Dengan kata lain, sikap keilmuan Mas Agus dalam bidang sejarah tidak saja berhenti sebagai “posisi teoritis” saja, melainkan “tembus” ke dalam laku kehidupan sehari-hari. Karena itu, di mata saya, Mas Agus bukan sekedar seorang “ilmuwan” dan “sejarawan” dalam pengertian yang kita kenal di kalangan academia. Dia menulis sejarah sebagai ilmu dan sebagai laku sekaligus. Ini adalah “etos kesarjanaan” yang jelas tidak asing bagi orang-orang yang pernah menjalani pendidikan di pesantren. Theoria dan praxis, ilmu dan amal bersatu, bukan dua hal yang dipisahkan.

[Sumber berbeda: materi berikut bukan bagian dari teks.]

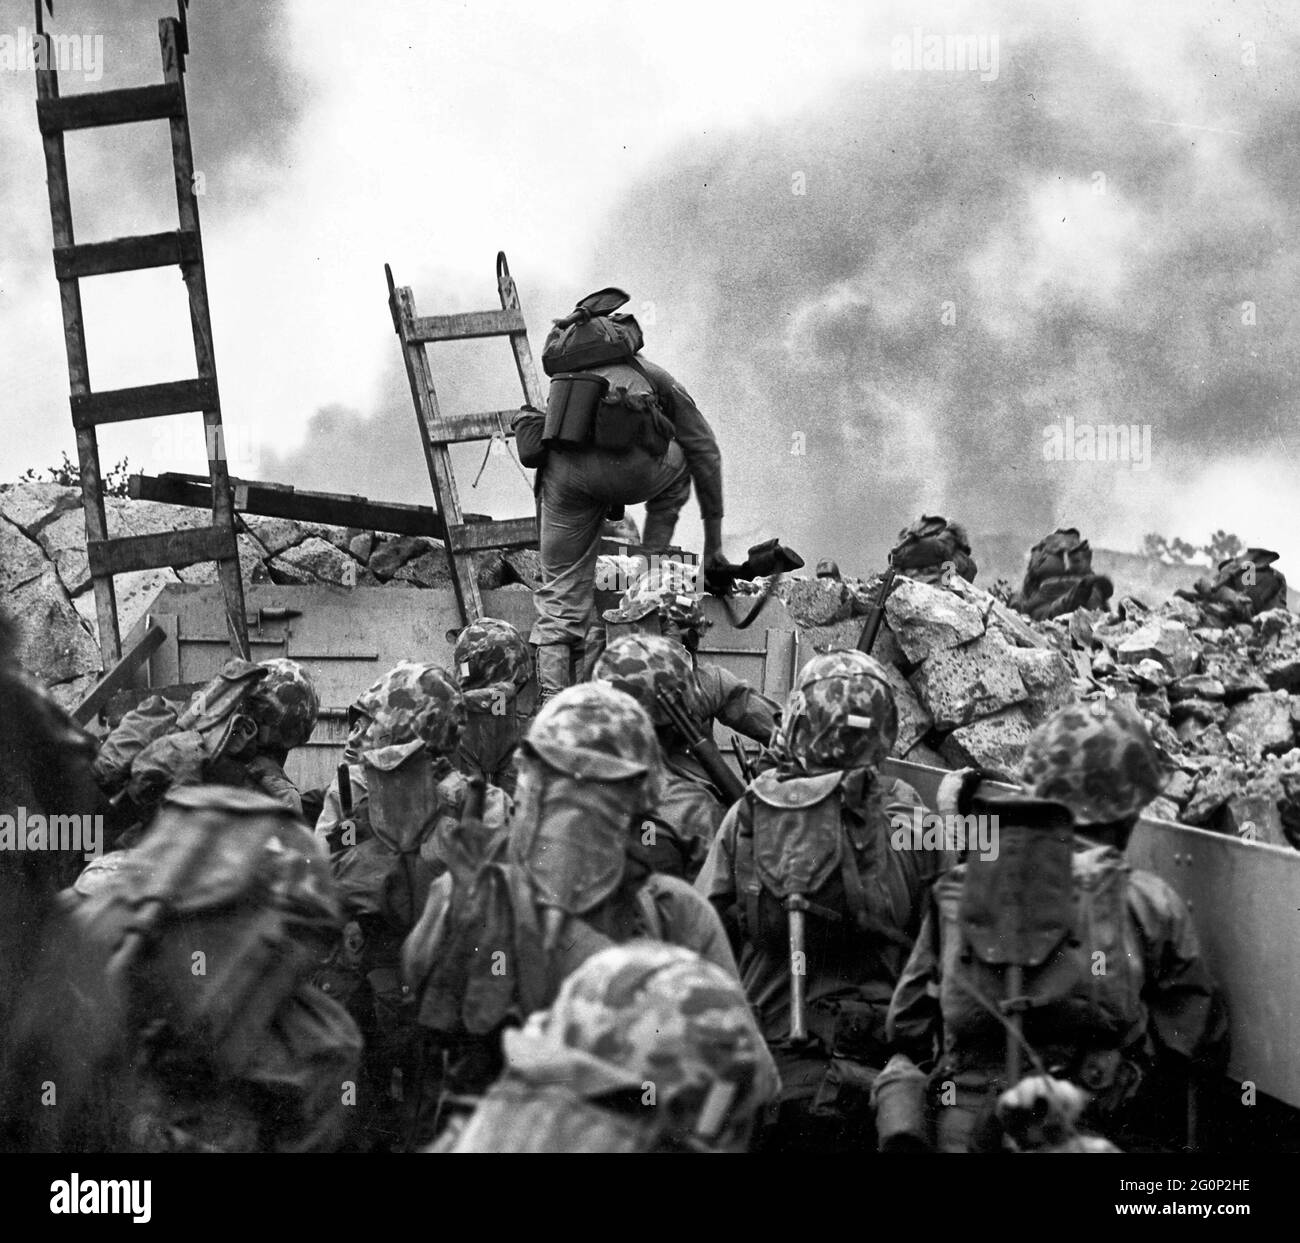 Leathernecks Use Scaling Ladders to Storm Ashore at Inchon in an Amphibious Invasion, September 15, 1950 Stock Photo

Bagi Mas Agus, menulis sejarah juga bukan semata-mata tindakan ilmiah belaka, tetapi “tindakan etis.” Apa yang saya maksud dengan tindakan etis di sini ialah sesuatu yang dikerjakan dengan tanggung-jawab moral-etis tertentu.
Dengan kata lain, menulis sejarah mengandung sebuah “misi moral,” bukan semata-mata menafsirkan peristiwa sosial dengan sikap yang (seolah-olah) “obyektif.” Tanggung jawab moral di sini ialah: membela orang-orang yang lemah, dan memberdayakan mereka. Ini, tiada lain, adalah perwujudan langsung dari ajaran “ingsun” yang diwedarkan oleh Syekh Siti Jenar sebagaimana dipahami oleh Mas Agus. Menulis sejarah adalah menulis narasi dengan tujuan pokok: menanamkan kesadaran “ingsun” yang otonom dan merdeka pada komunitas yang selama ini dipinggirkan atau dipandang bukan sebagai sumber yang layak untuk penulisan sejarah.